Literate programming lets you structure your program into smaller chunks without the run-time overhead of a subroutine or the effort of writing a macro. It also has the advantage that a literate program is more than a collection of program fragments as there may be high-level design documentation included which would not fit nicely into a convention program. The literate programming tools I use allow multiple programs and other files to be generated from a single literate program (which may itself be split into multiple files using an imbed mechanism). This enables better grouping of programs and data which form abstract data types, which our base programming language does not support.

From:	Marcus Speh
Date:	21 Jan 1993

In my tirade, Philonous (Ph) is a friend and user of the WEB environment. He is arguing with Malevolent (Ma) who's finally going to join the literate programming family. Eventually he'll pick up a better name for himself. [Malevolent still has a hard time to believe though that CWEB++ is the "only True Web", and he will start and stay with FWEB], this Socratic dialogue could actually have happened like this.

They start as suggested by Eric van Ammers:

Ma: "What are the advantages of literate programming compared to working with small independent well documented routines?"

Ph: "One can still work with small, independent routines. They're just better documented now."

Ma: "I can do well without TeX for documentation."

Malevolent obviously does not believe in DEK. You wonder who's paying him. Philonous does not really know how to answer to that. He probably does not like troff. Or maybe Malevolent has got an eye problem?

Ma: "In fact, I hate to spend to much time thinking about how to explain things to others when I haven't even finished the program."

Ph: "Before I saw WEB, I wasted lots of time finding the right balance between doc and code. With WEB, it becomes easier to write doc along with the code. And update it."

I have only experiences with FWEB, and I haven't been using it for more than one year. Before that, quite a lot of my time went into trying to improve on the delicate balance between documentation and code. None of my private efforts were really satisfying, though. Maybe also because (like many people outside of CS) I never really learnt how to program. Malevolent knows much more about programming, but he's got other things to do as well:

Ma: "But isn't this a hell of a lot of extra effort?"

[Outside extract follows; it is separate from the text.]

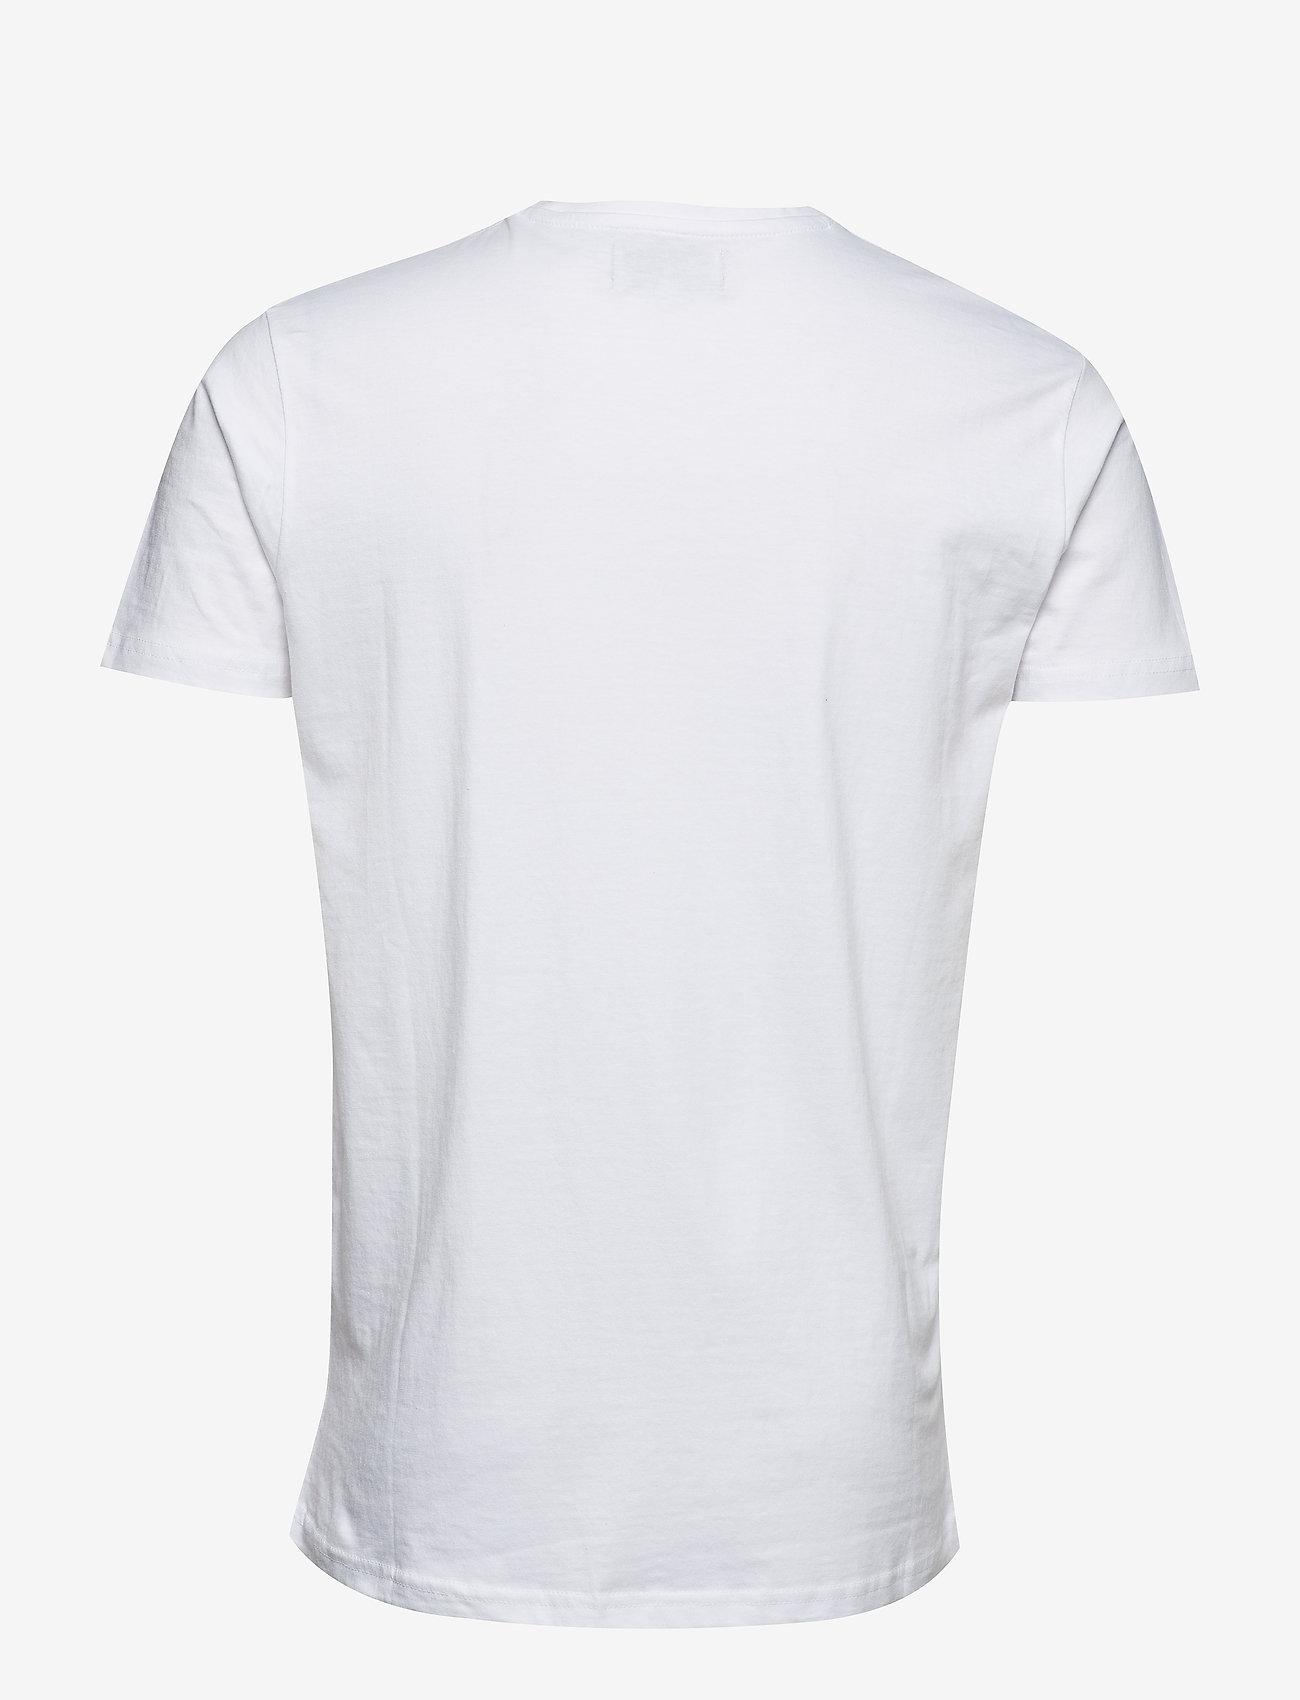 Just Junkies Ganger - T-skjorter WHITE - Menn Klær

Ph: "When I saw FWEB, I wasn't even put off because of the extra effort in learning something new. Though I must confess that I asked people in my field of research how long they had needed to get accustomed to the new tool."

Since then, I freely give away the magic number of "10 days"--- if you know [La]TeX and the language(s) you want to code in.

Ma: "Ok, Ok, Ok. Now, if you compare how much time it costs you and how much you gain?"

(Malevolent is a tough calculator, it seems. He obviously got the message of the zeitgeist.)

Ph: "I cannot speak for you. literate programming also is a matter of taste. It is a useful tool for me. It definitely increased my level of reflection upon what I was doing. It saves me time because the programs mostly do run in the first place - it costs me time because I now like to treat many otherwise neglectable pieces of code like little diamonds - and cannot be sure that this will pay besides aesthetics."

Ma: "Of course I have heard about WEB. But I do not know anyone who is practicing it, really."

(Later, Philonous will tell him about the literate programming list.)

Ph: "True. The `evangelization' part sometimes is the most painful. There's no company working for WEB's success. No commercials placed. Thus, it definitely costs time because I am trying to convince my colleagues that they should try *WEB, too. But I am a born missionary anyway and so this meets my needs as well."

(He did not really have to emphasize the last point...)

The time for our key-hole listening is running out. It suffices to say that the two are having a lot more to discuss. At the end, Malevolent (overloaded with manuals, introductory texts, FAQs, eager to try WEB) wants some advice how to evangelize others:

Ma: "Assuming you meet someone who's more benevolent than I am-- how're you proceeding?"

Ph: "Upon meeting someone who likewise seems to suffer likewise, and who signalizes a genuine interest in learning something new, I first show him a HUGE woven output [yes, I am carrying such a volume around mainly for that purpose]. Before putting the word "WEB" into my mouth I want to hear a SIGH when he is confronted with something which looks unlike anything he has seen yet. Even better if I have presented some more or less complicated program in a talk before: then people are lost and WEAVE's output comes handy to explain---it has got tables, it has got plots, maybe, an index, a table of contents--- Fine. Then the victim usually asks: `why did you put up all the extra work?'"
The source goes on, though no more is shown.